The Royal Commission into financial services – the inquiry that was resisted but is now acknowledged as ‘long overdue’ – has been exposing issue after issue in the most important sector of our economy. By my simple reckoning its cost won’t be the estimated $80 million often quoted but more likely will top $500 million after submission preparation, legal advice, management time and organisational drain are factored in for all the various companies, organisations and individuals that have been swept up into its net.

Other than shining a light on major issues ranging from poor practice to corruption, conflict of interest and arguably illegality, what will it achieve in terms of positive reform?

The short answer is very little. Undoubtedly – because media and government are involved – there will be regulation and increased governance. But as anyone who has worked in financial services will tell you, it is already the most overburdened business sector with government regulation, oversight and governance. Some would argue that more than forty per cent of the organisational capacity of running a financial services business are consumed with paperwork, risk assessment, governance and legal sign-offs.

And yet it clearly does not work as is evidenced by revelation after revelation at the Royal Commission hearings.

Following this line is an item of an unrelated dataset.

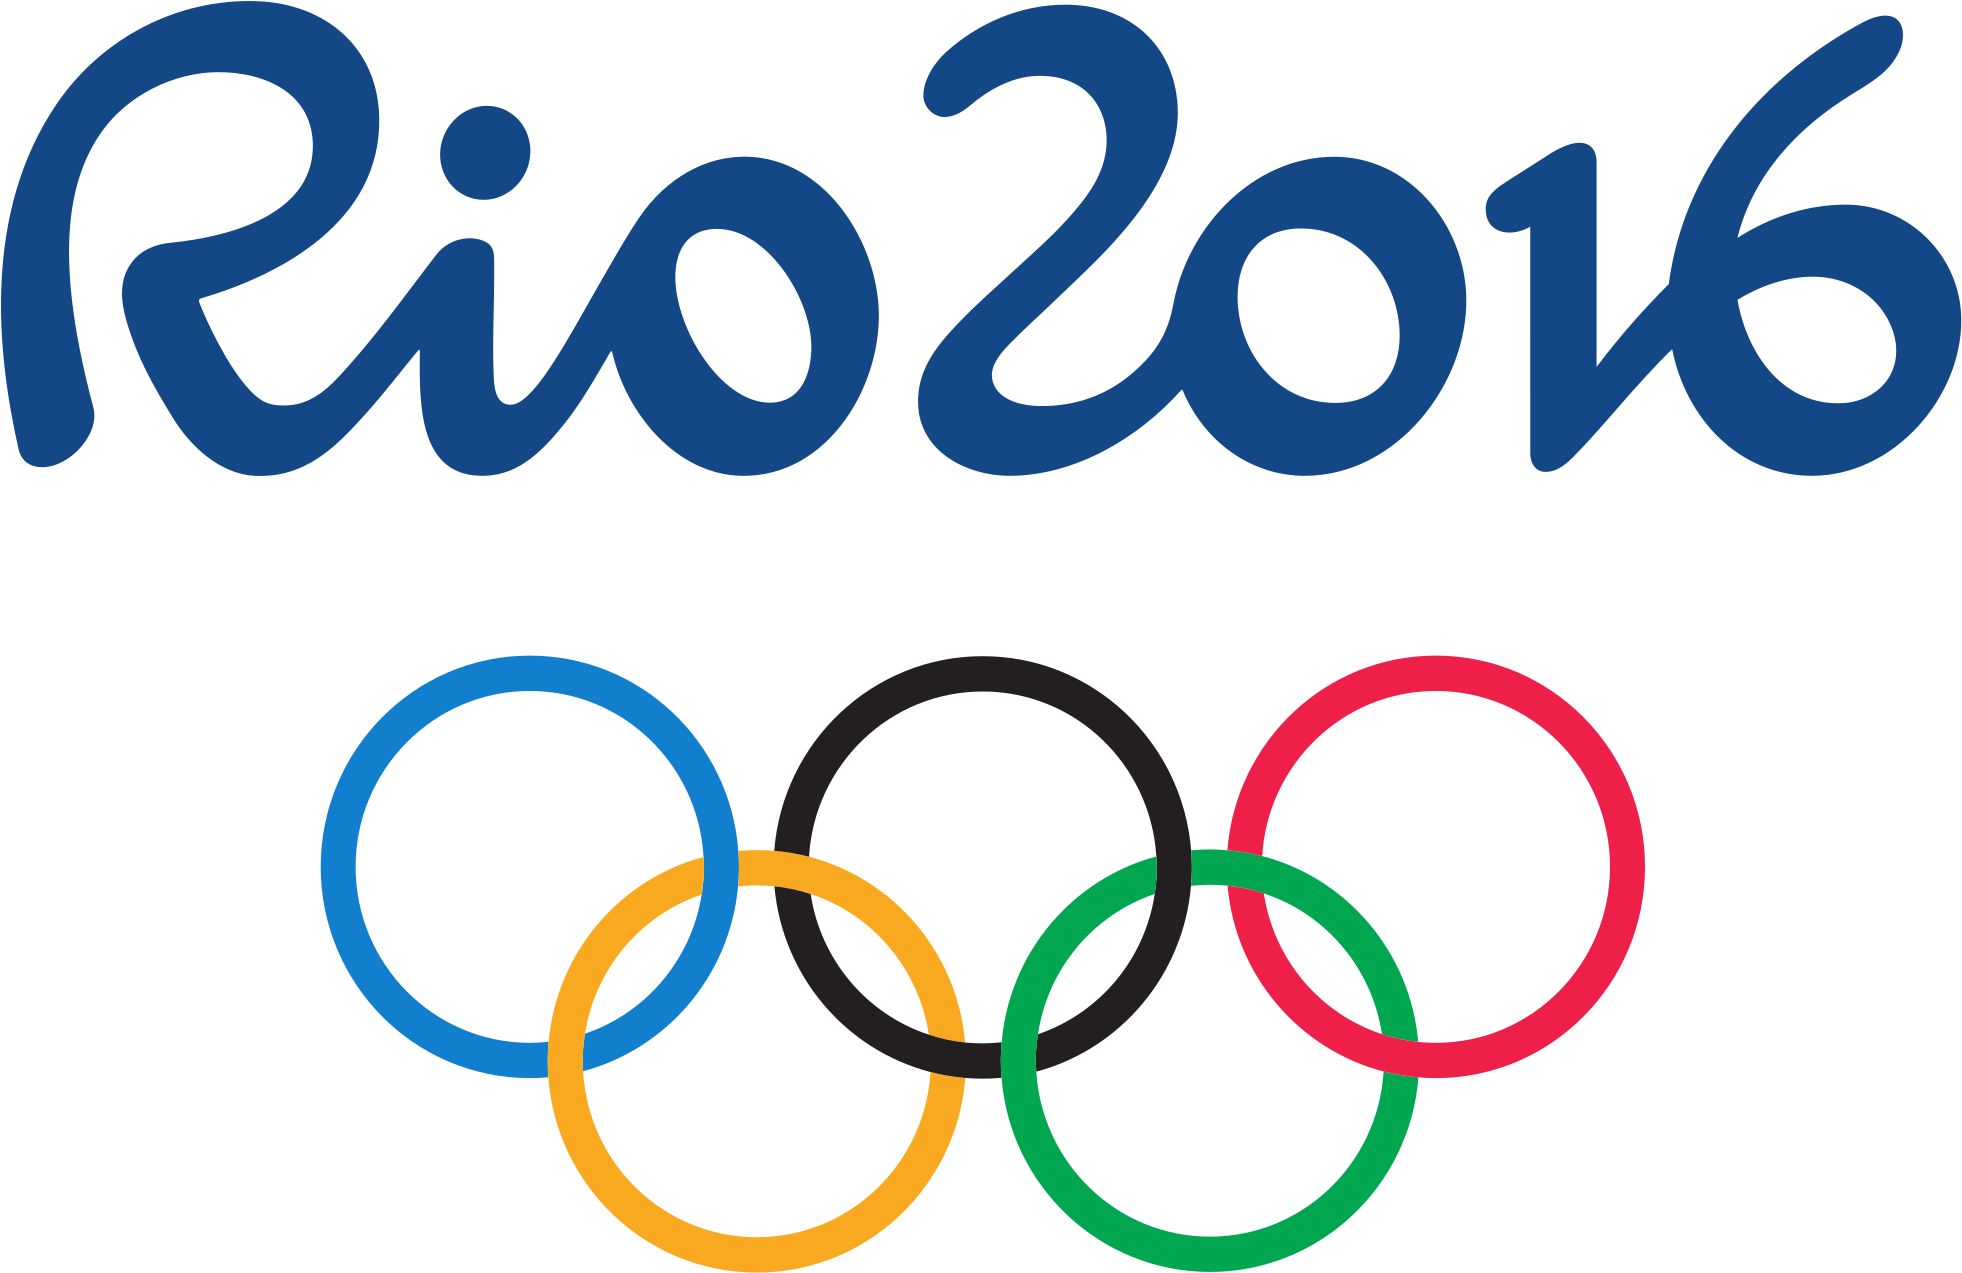 Rio2016 Olympics Logo
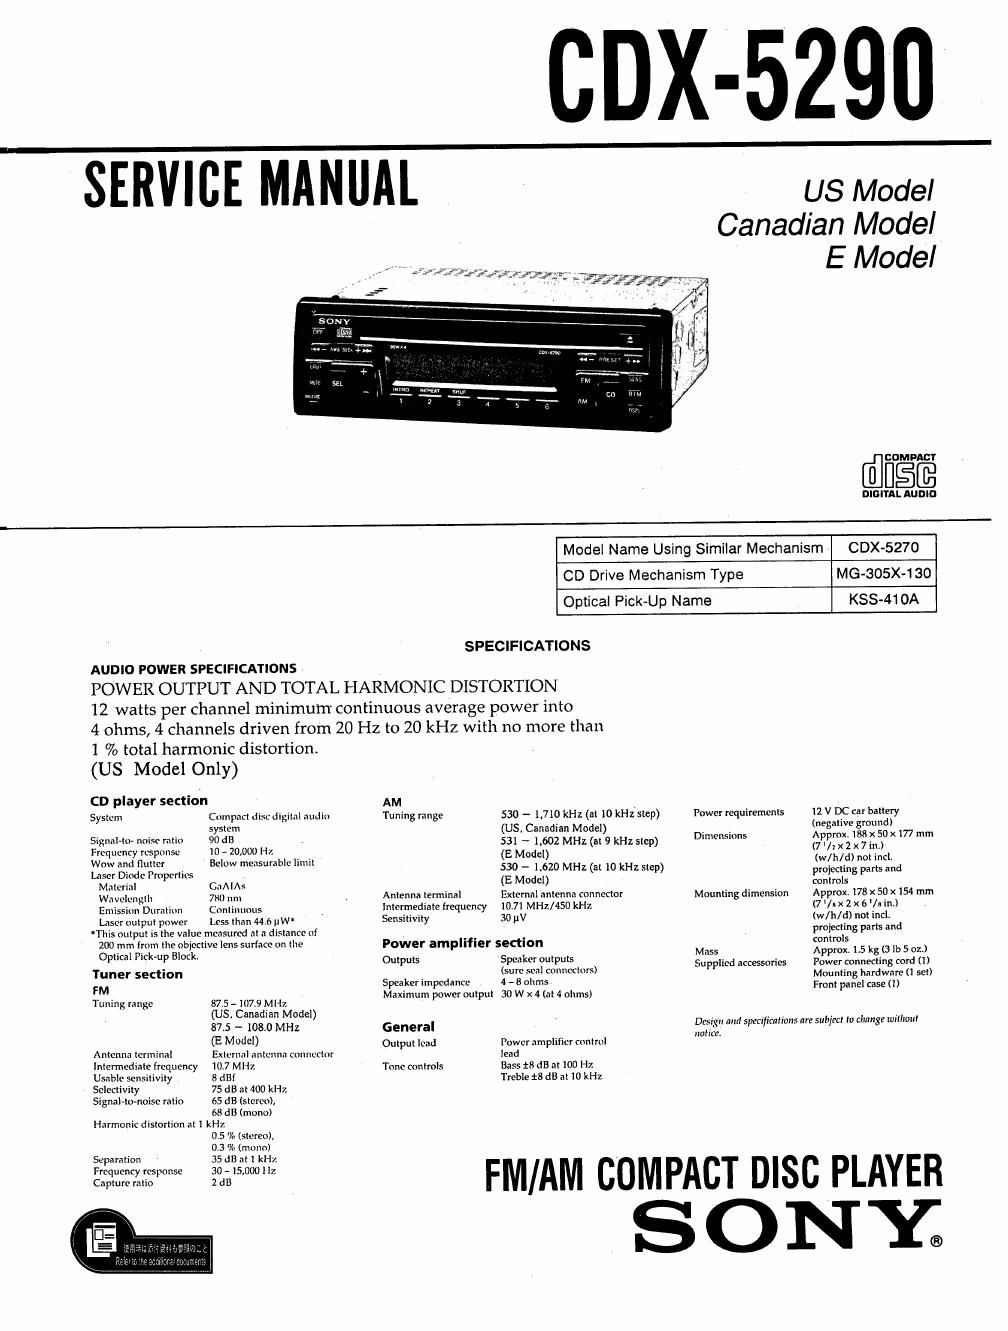 sony cdx 5290 service manual

There is one simple truth at the heart of these issues that is papered over by the political system. Legislation doesn’t solve problems like these. It just displays evidence of industry and outrage. The fundamental problem in the financial services industry is a cultural one that cannot be changed by rules, regulation and paperwork. Arguably this regime is the very thing that magnified the problem in the first place as it divides businesses into those that seek to wield draconian power applying non-productive compliance face off against the members of the business who are driven to produce results for personal and professional gain.

Financial services businesses today have not only lost a retail culture, they ridicule it. From the most senior leadership down, the very people we turn to in the vain hope of stewardship and care to grow our financial health have become maniacally focussed on sales rather than being the guardians of our money. The model was supposed to be one of them making money by making us money, not selling us stuff and having no linkage to customer outcomes.

The only way to change this mess is for wholesale cultural change. Change that means: – all stakeholders are valued not just shareholders; customer outcomes become the primary source of income generation; Board composition moves away from being accounting and legal skill biased in favour of customer and industry experience; and employees being hired for customer empathy above all else.

Financial services are the lifeblood of the economy. It must be admired and trusted by all of us for it to fulfil its potential. The quantum of a banks profit is not relevant. But it should generate its profit out of serving its customers interests first and generating its profits from how those customers profit. Just as any retail business should.